AWS Usage: Cost and Availability Impacts of Auto Scaling and ELB
Both multi-AZ Auto Scaling and ELB are designed by AWS to insure high availability. As AWS says: “we provide a way to achieve a balanced group of EC2 instances that are spread across multiple Availability Zones for high availability, and provide a single entity for you to manage. In addition, we mitigate the problem of zones becoming unavailable or congested by temporarily allocating capacity in other zones and rebalancing the group back over time.”
The issue that arises with multi-AZ Auto Scaling and ELB is that users can lose control of where their instance launches and where the resource is assigned. AWS states that “availability zone balance triumphs everything else.”
Although it may be hidden in the AWS fine-print, the automatic reallocation of resources is important to keep in mind when users employ either Reserved Instances (RI) or Spot instances. As will become clear, it may directly and significantly decrease availability and/or increase user costs.

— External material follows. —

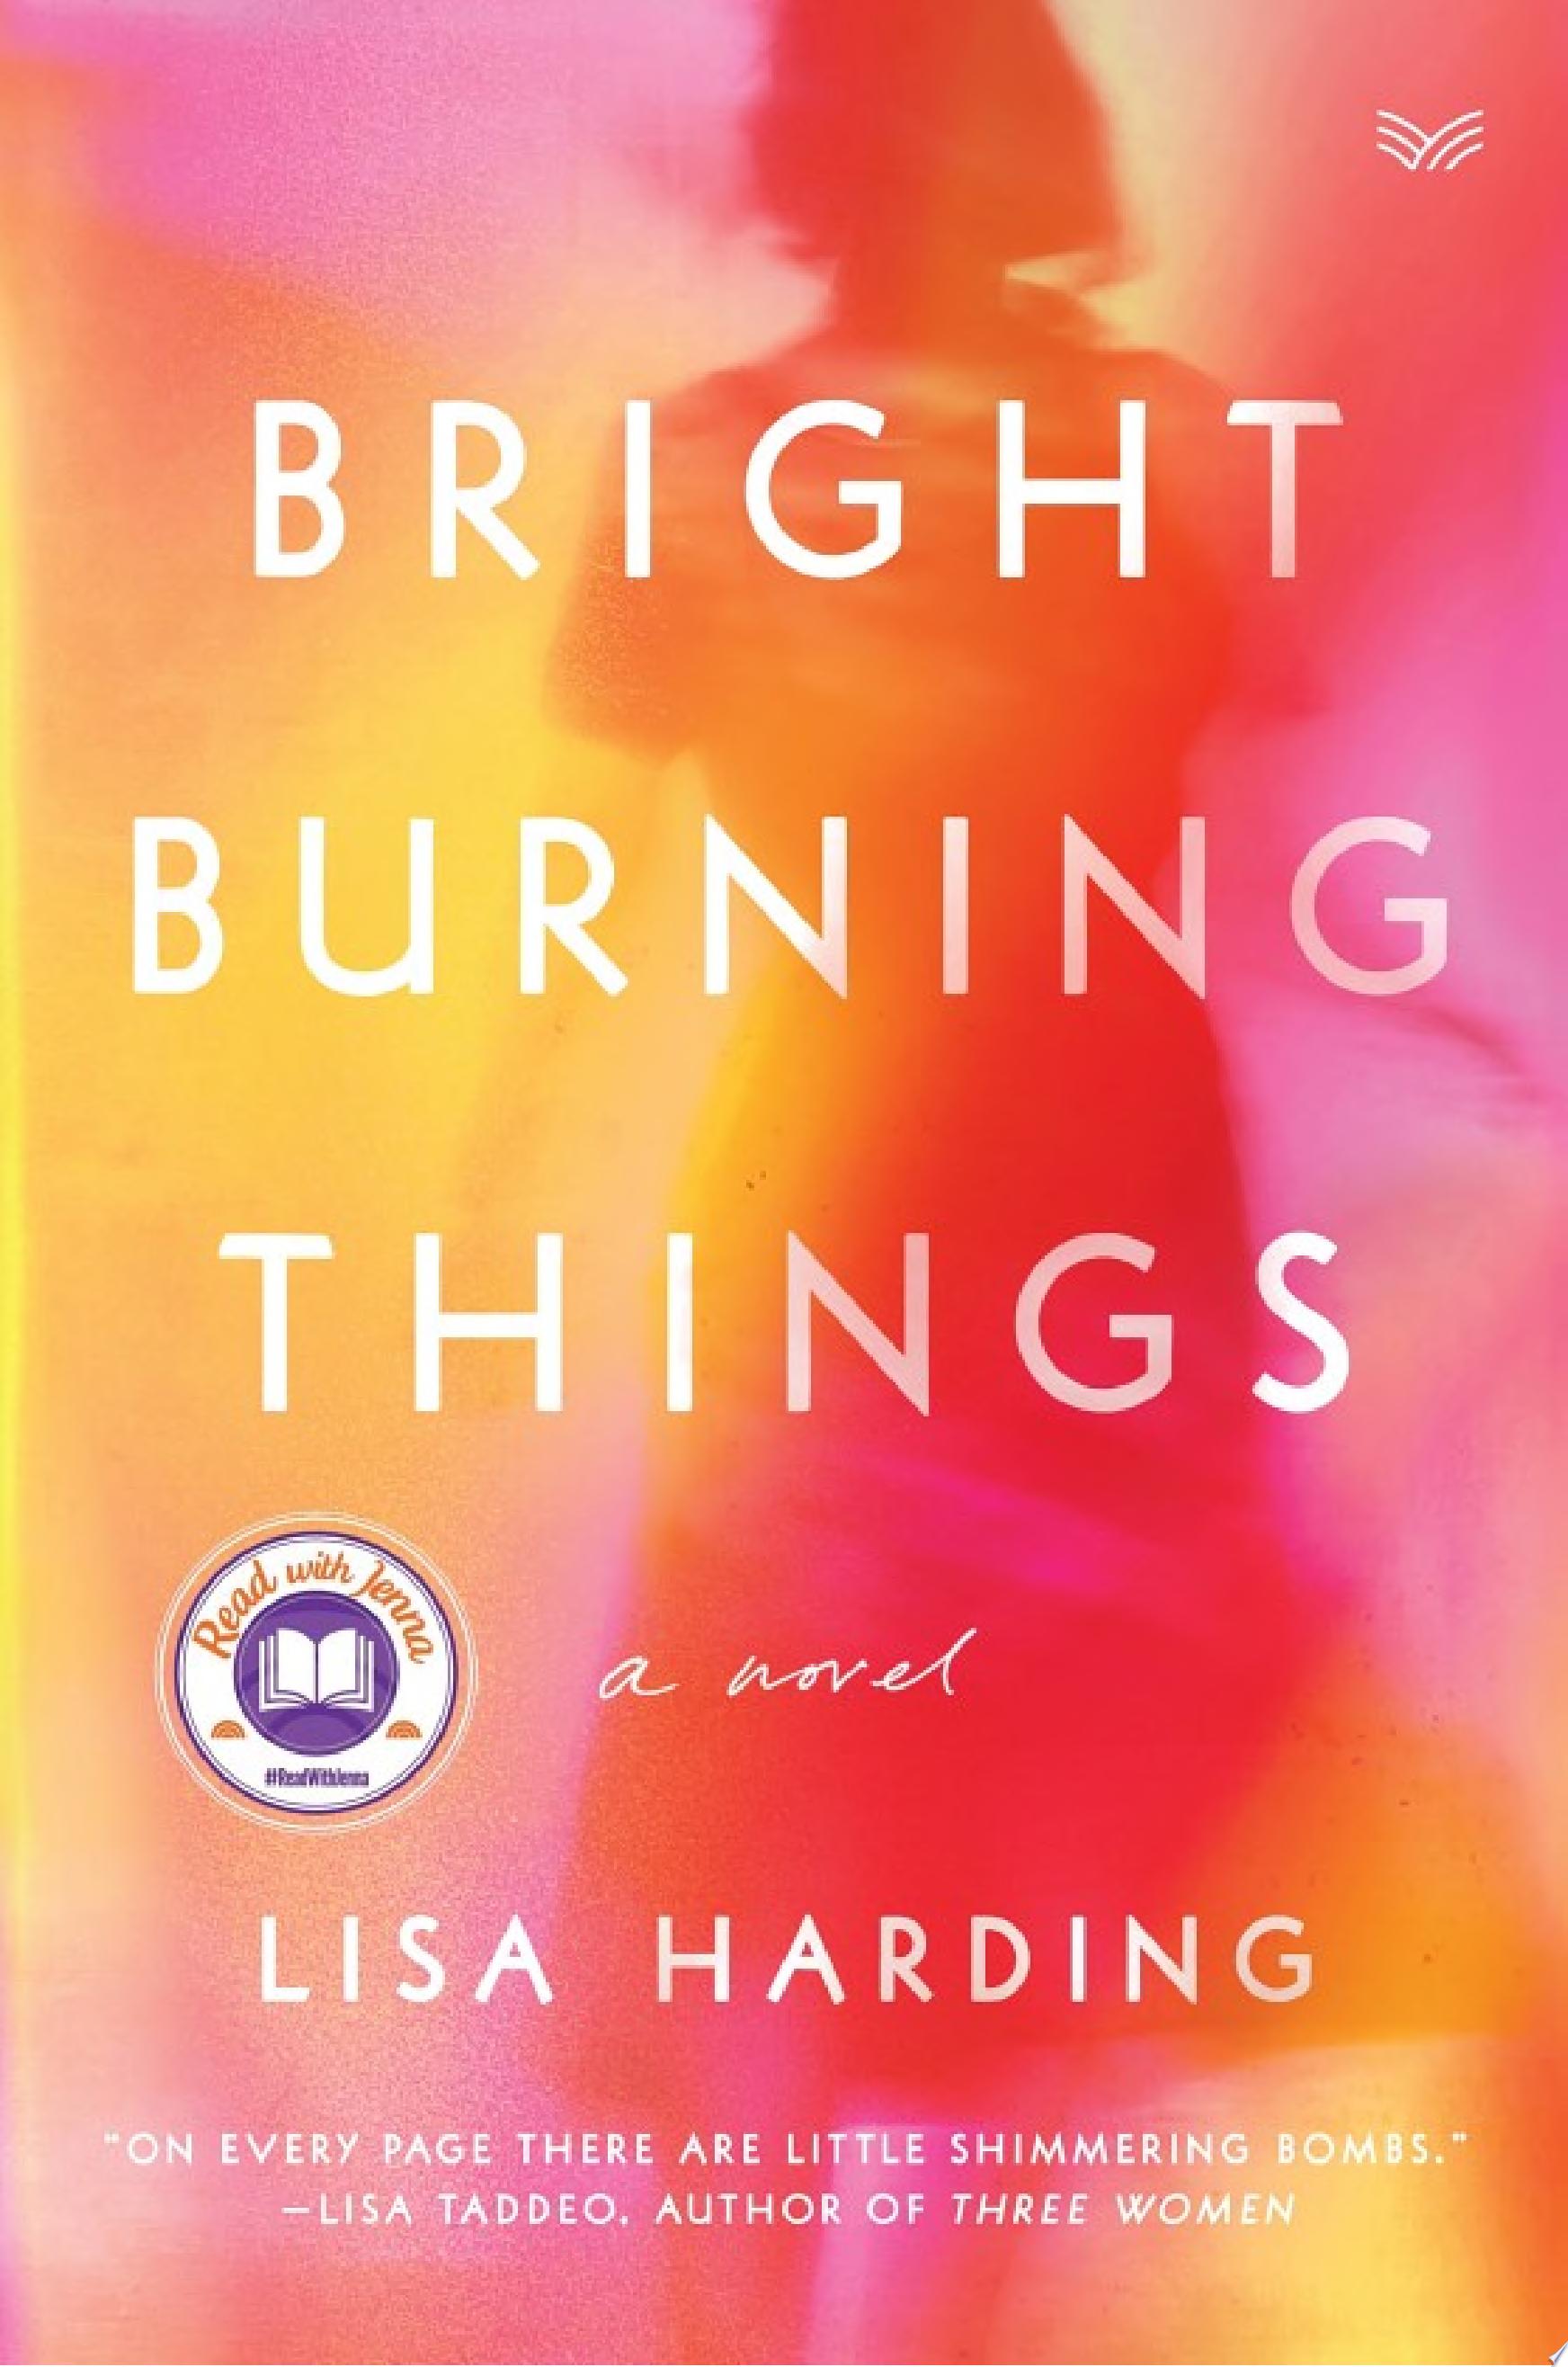 Image for "Bright Burning Things"

Before delving deeper into this issue, let’s review how RI and Spot instance pricing function. When purchasing a RI reservation, users must specify platform (e.g. Windows SQL Server Standard), size (e.g. c1.xlarge), AZ (e.g. us-east-1b), VPC (in a VPC or not), and Tenancy (dedicated or not). All of these choices must be consistent for a newly launched instance to utilize a RI reservation. If they are not, you will be left paying for an On-Demand instance while your RI reservation sits idle.
When bidding for a Spot instance, the user is guaranteed availability as long as the Spot price does not exceed the bid price. Once the Spot price exceeds the bid price, the instance is terminated.
These are the operating constraints: exact match to use a RI reservation and price maximum for Spot instance.
Impacts for RI:
This means that, when using RI, the automatic balancing and/or response to AZ failure/congestion will occur irrespective of cost or RI placement. This means that users could be subject to a potentially cost-unfavorable shift in resources from one AZ with unused RI reservations to another AZ without RI available reservations.
As a practical matter, we have seen this happen to CloudCheckr customers. We have seen AWS users who have purchased a Heavy RI but, for one reason or another, seen it bumped into another AZ. The users are then left paying double — paying for the unused Heavy and paying for On-Demand in another AZ.
In summary, the risk of using RI with multi-AZ Auto Scaling or ELB is one of increased and inefficient spend.
Impacts for Spot:
The prioritization of balance is even more critical when thinking about using Spot
instances. Users who employ Spot instances balance the risk of termination for the benefit of lower cost. Users can mitigate the termination risk by bidding above market.
However, most users are not aware that when Spot prices differ between AZ, Auto Scaling (or ELB) will not look for instances in the cheapest AZ or even instances in an AZ with prices below your bid price. Users could be bidding above the Spot price in one AZ but still lose availability because Auto Scaling sends the resource request to another AZ with a Spot price above the bid. This is because resource dispersion and balance is the priority in the AWS hierarchy. AWS is aware of this issue but, as of today, has not offered a solution to address it.
Consequently, the risk for Spot users is that Auto Scaling or ELB may actually decrease resource availability.
How to Mitigate these Risks:
The solutions are imperfect.
RI users should recognize that multi-AZ usage requires balancing reservations across AZ. They need to understand their typical resource utilization patterns to assess and optimize the correct balance of RI reservations and non-RI instances.
Spot users need to be aware of pricing patterns and not rely exclusively on Spot instances. Prices spikes and availability issues arise with unfortunate frequency and Spot users need to consider their usage and availability requirements carefully.
These assessments need to be performed. Users can undertake them either manually, automate much of the process with the free CloudCheckr solution, or employ other 3rd party solutions.